> WHAT IS NEEDED:
Reproduce each line below precisely. Drop the pictures.

> THE DATA:
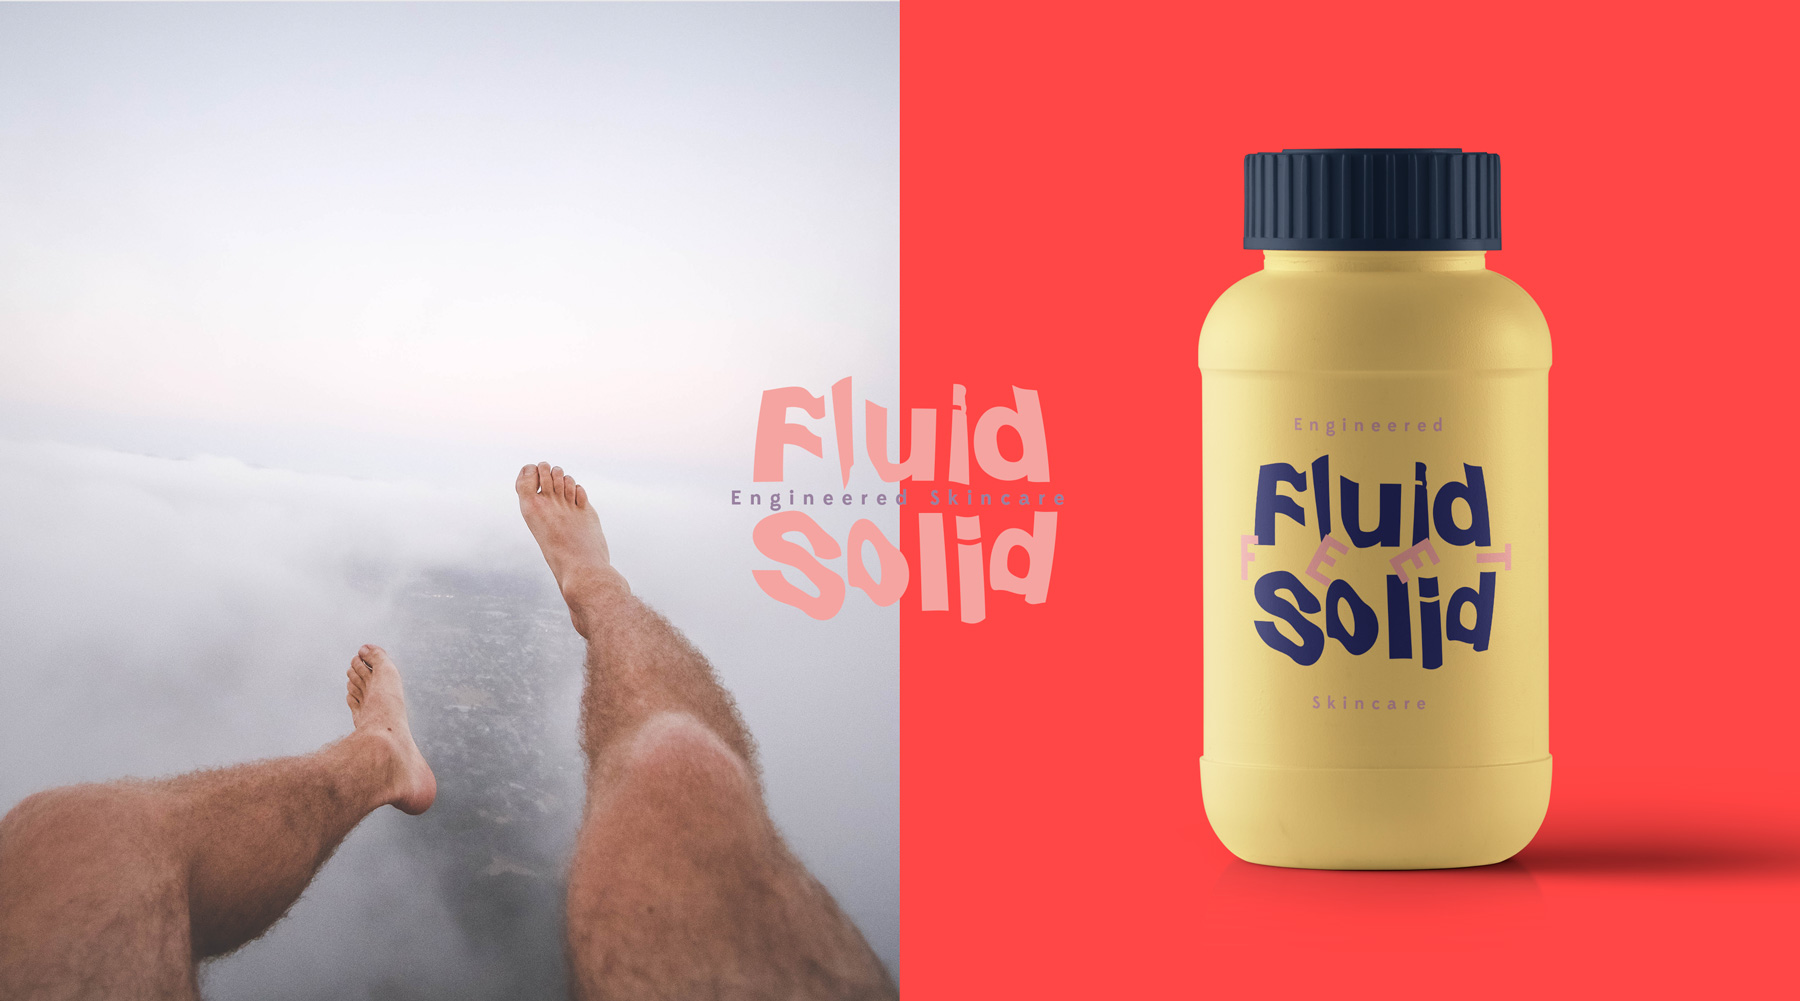 Fluid Solid Identity CI designed by Tobias Heumann
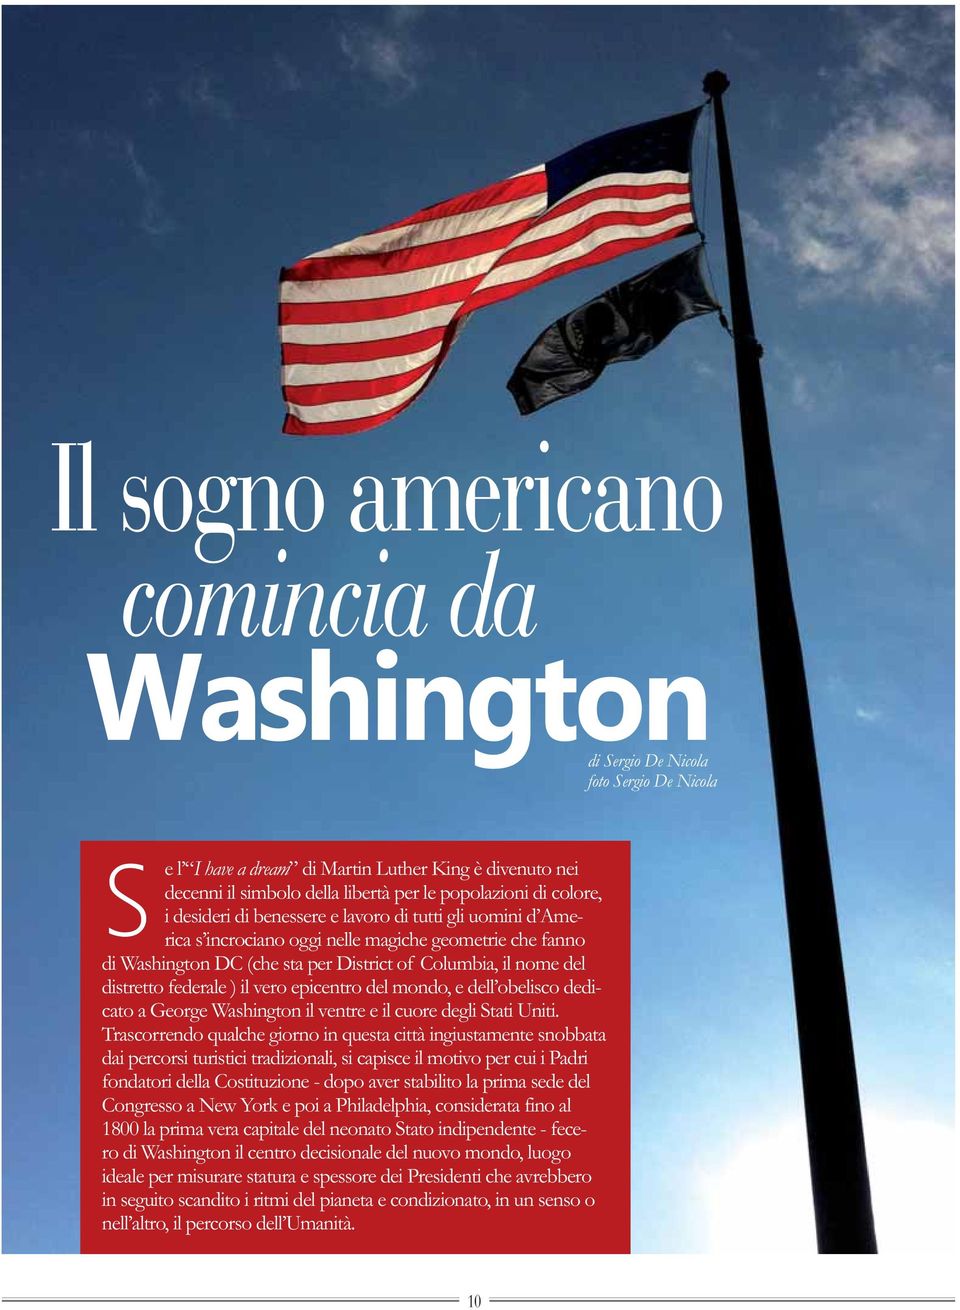 federale ) il vero epicentro del mondo, e dell obelisco dedicato a George Washington il ventre e il cuore degli Stati Uniti.
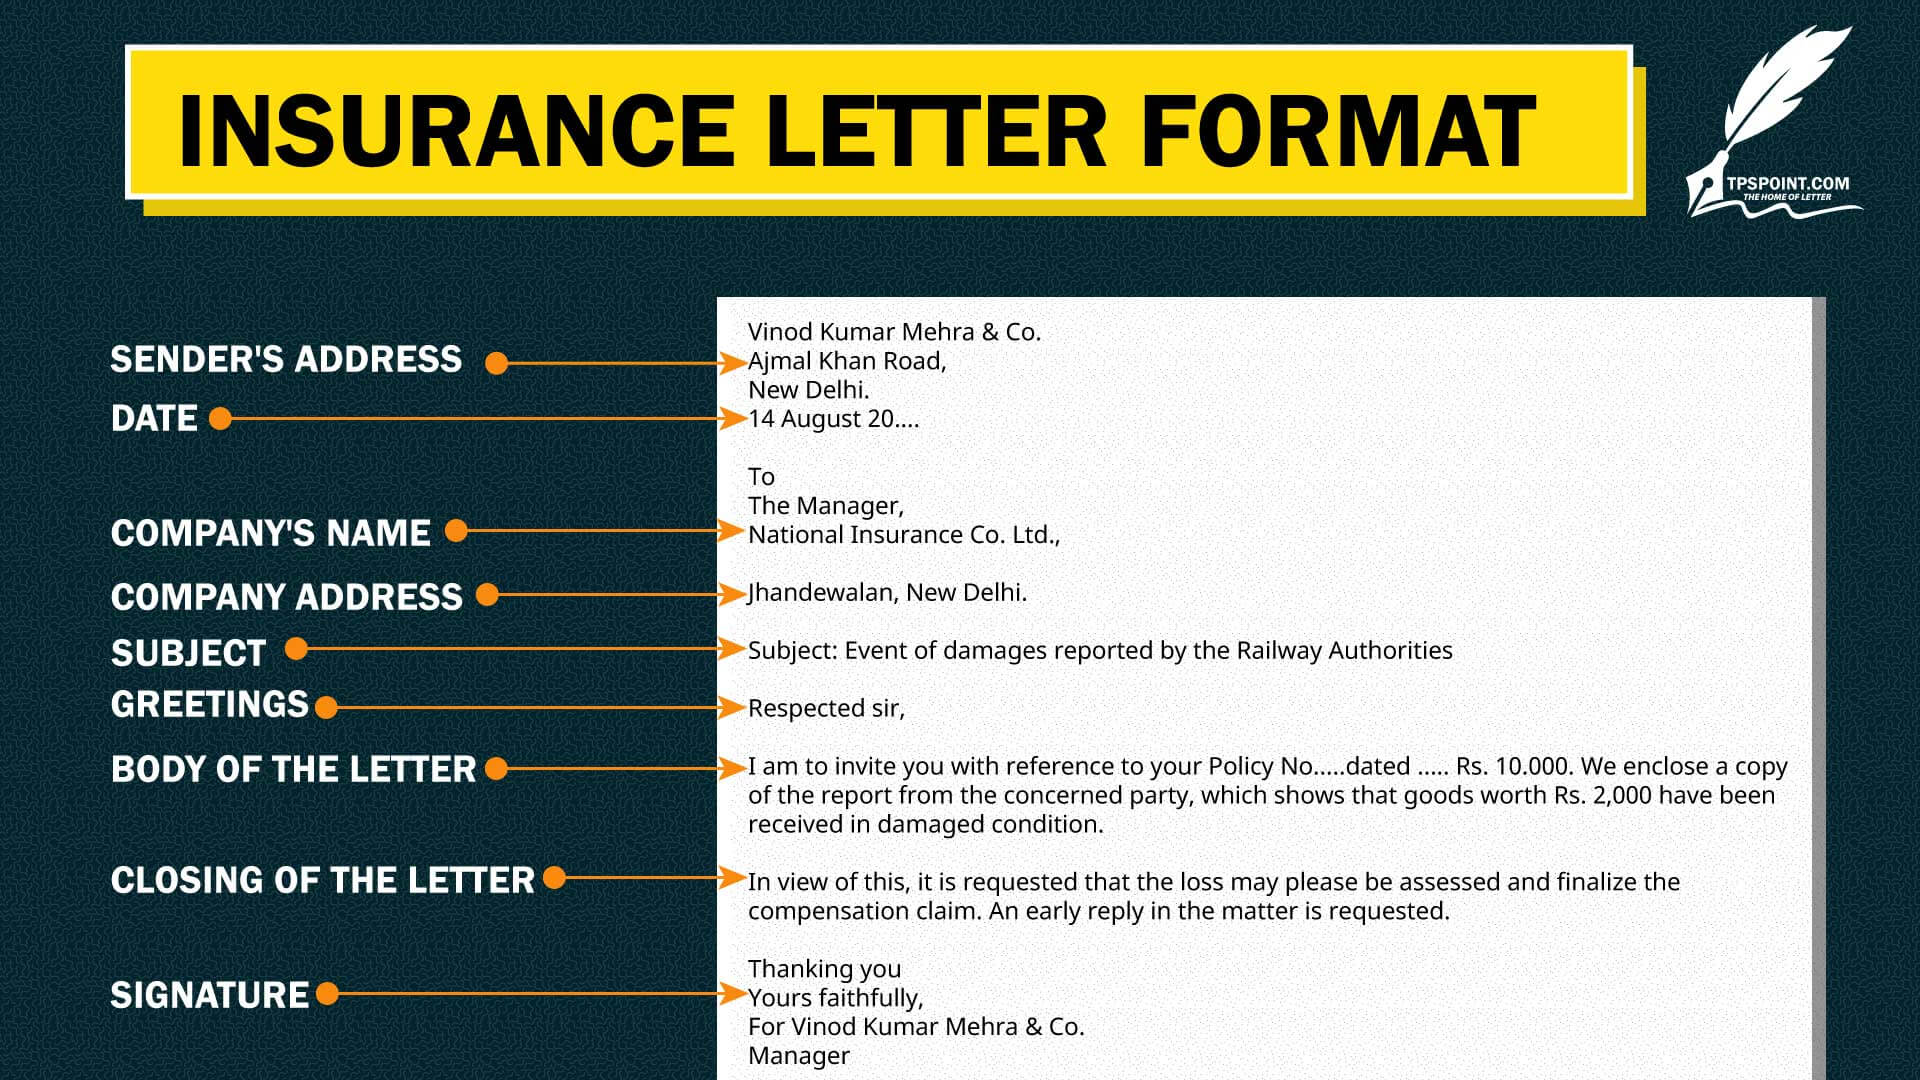 Insurance letter format

> TASK ANSWER:
 Fluid Solid Identity CI designed by Tobias Heumann
 federale ) il vero epicentro del mondo, e dell obelisco dedicato a George Washington il ventre e il cuore degli Stati Uniti.
 Insurance letter format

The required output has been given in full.